## **Core Concept**
The management of hypertension in pregnancy requires careful consideration of both the mother's and the fetus's health. Antihypertensive drugs used in pregnancy must be safe for both. Commonly used antihypertensives include methyldopa, labetalol, and nifedipine.
## **Why the Correct Answer is Right**
ACE inhibitors (Angiotensin-Converting Enzyme inhibitors) are contraindicated in pregnancy, particularly in the second and third trimesters, due to the risk of fetal harm, including renal damage and oligohydramnios. They interfere with the renin-angiotensin-aldosterone system, which plays a critical role in fetal kidney development.
## **Why Each Wrong Option is Incorrect**
* **Option A:** Methyldopa is often considered a first-line treatment for hypertension in pregnancy due to its long history of safe use.
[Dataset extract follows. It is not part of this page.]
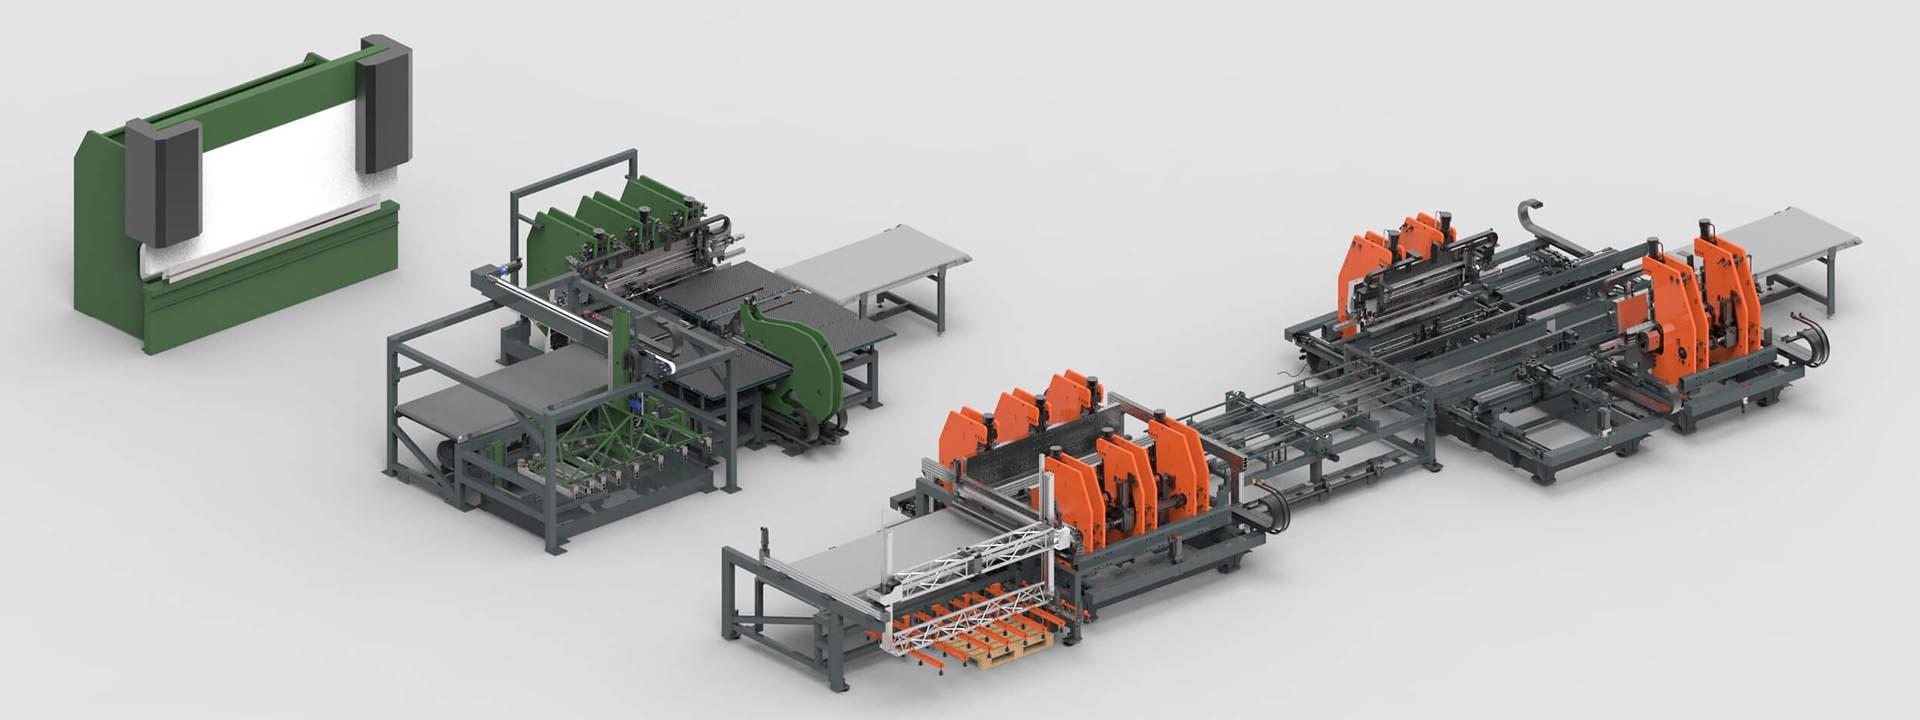 Kantbank, plaatbuigmachine of een volledig geautomatiseerde platen buiglijn? Wat is het verschil?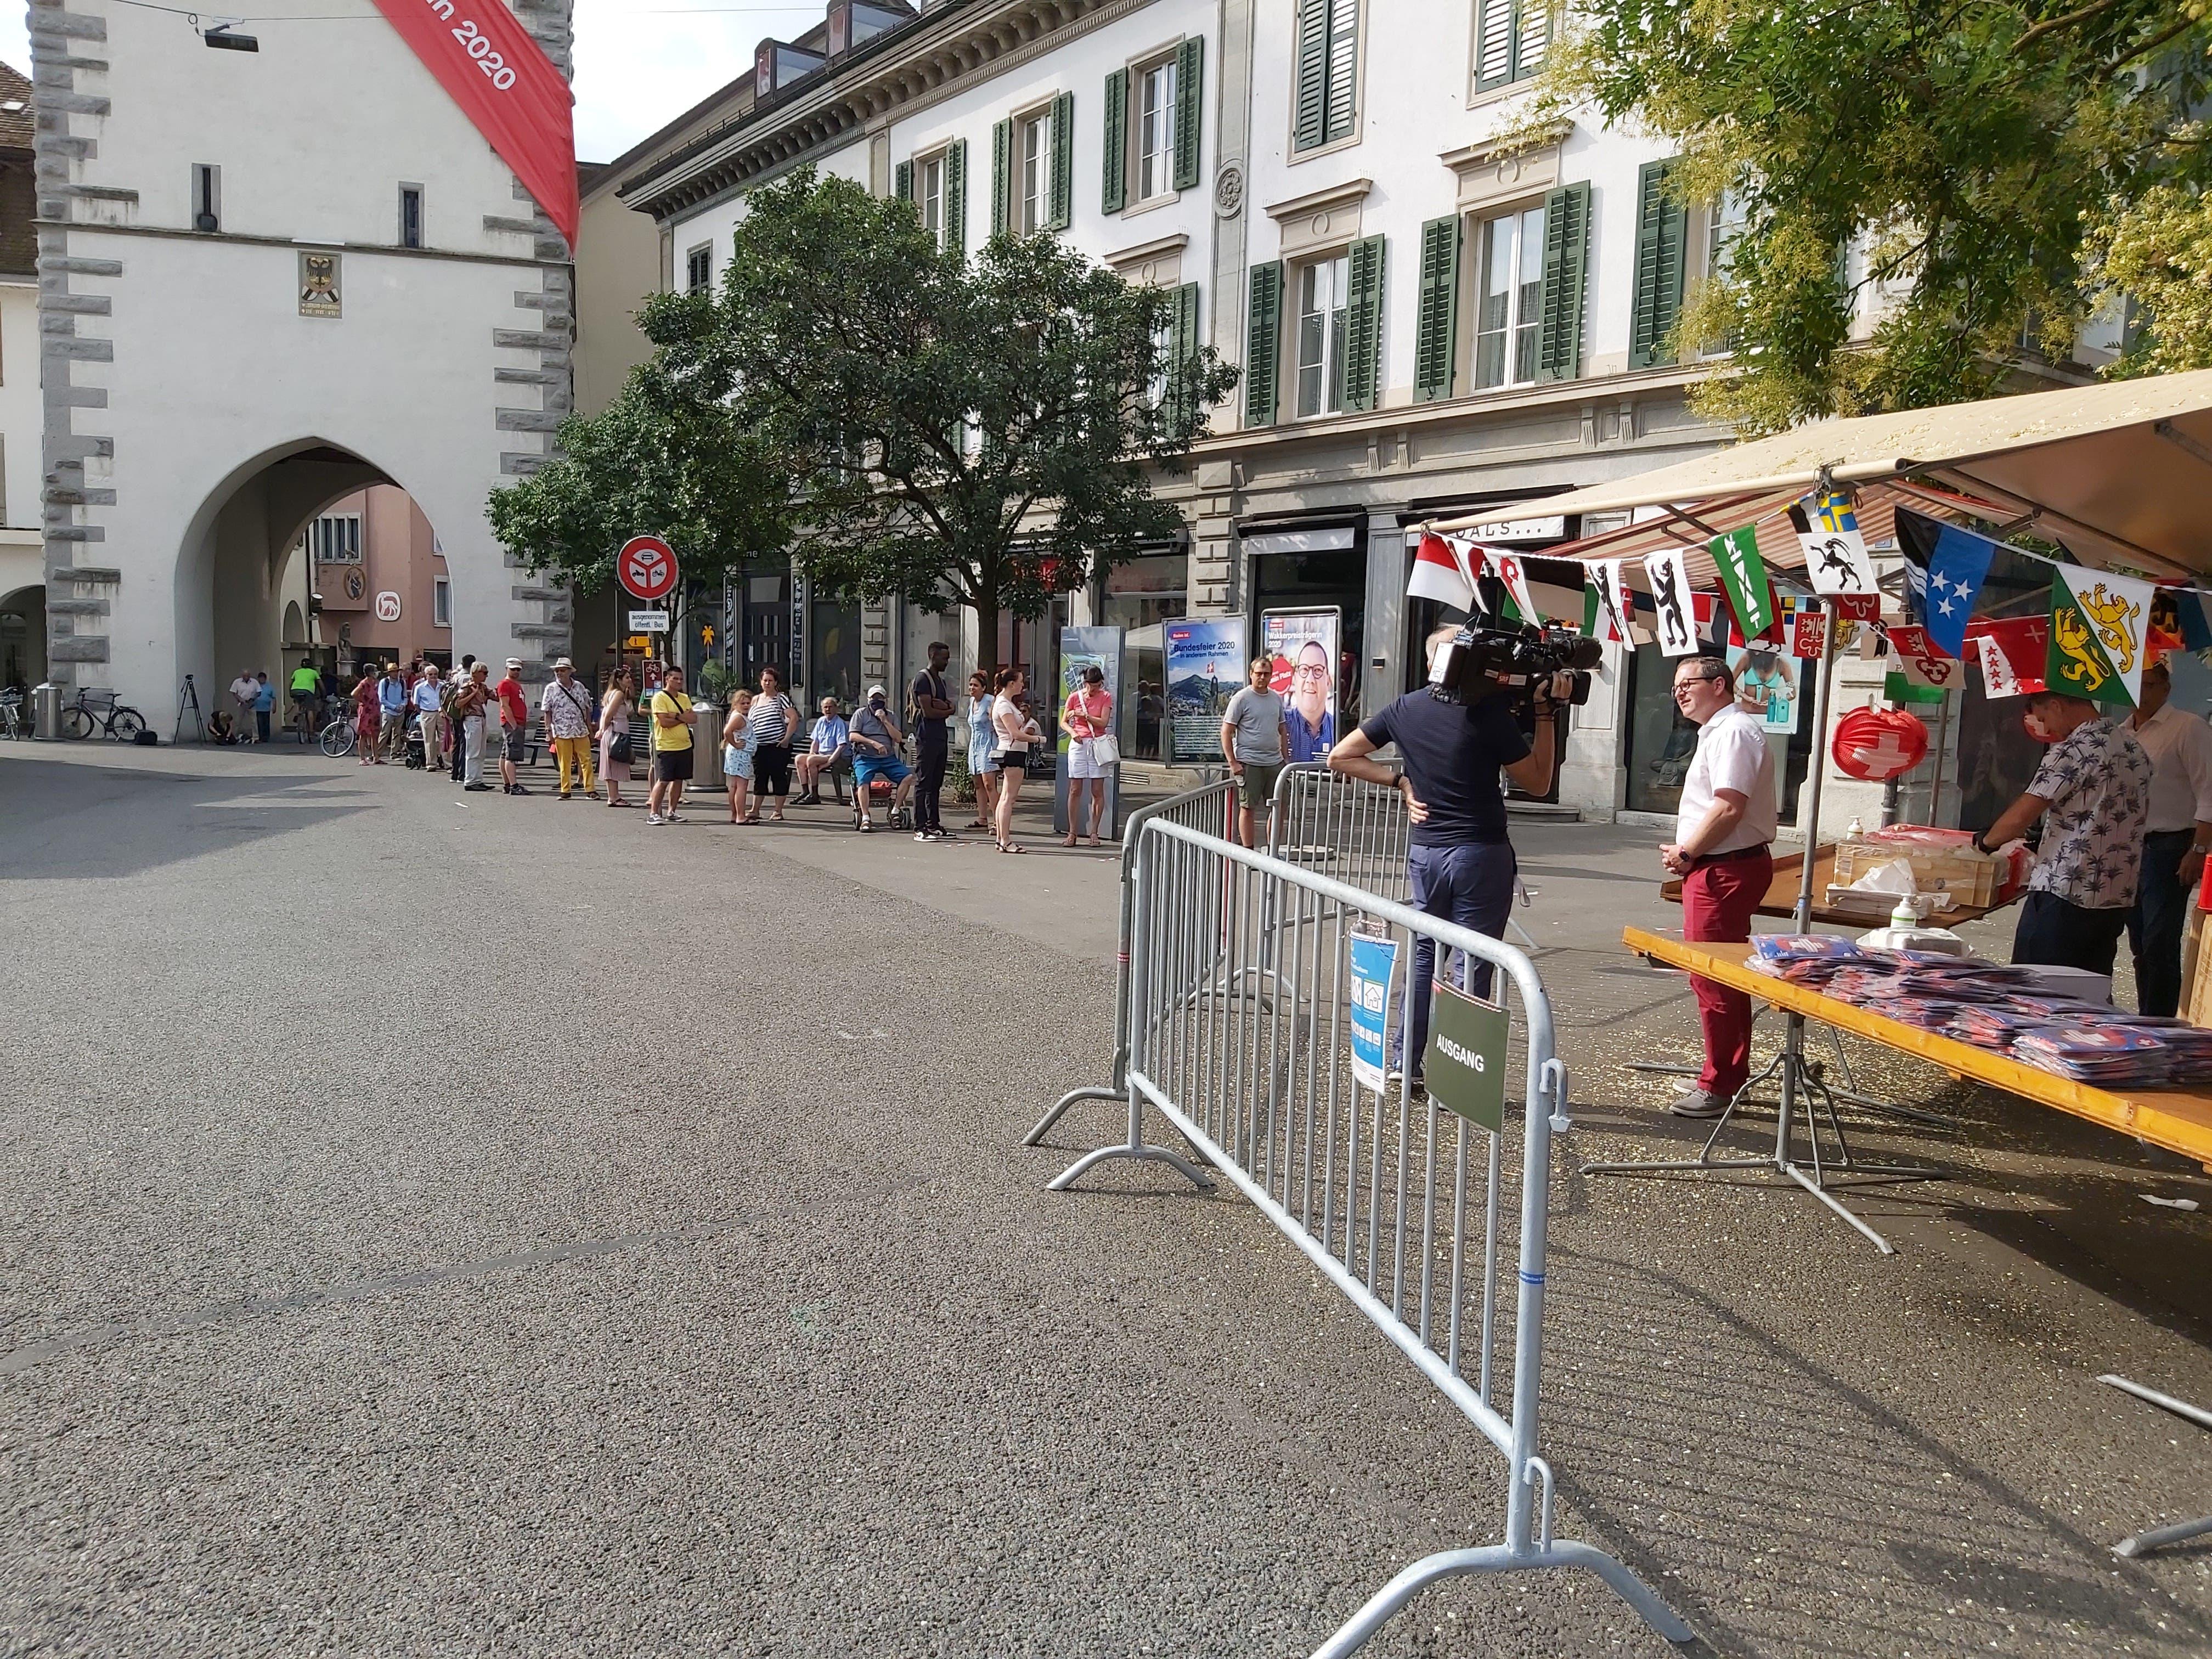 Die Einwohner freuen sich über die Aktion und stehen für Wurst und Lampion Schlange.

* **Option B:** Labetalol is also commonly used and has a good safety profile for both mother and fetus.
* **Option C:** Nifedipine, a calcium channel blocker, can be used in pregnancy when benefits outweigh risks, though its use might be more cautious compared to methyldopa and labetalol.
## **Clinical Pearl / High-Yield Fact**
A key point to remember is that ACE inhibitors and ARBs (Angiotensin Receptor Blockers) are contraindicated in pregnancy due to their association with fetal renal damage and other complications. Always consider the safety profile of antihypertensive drugs in pregnant women.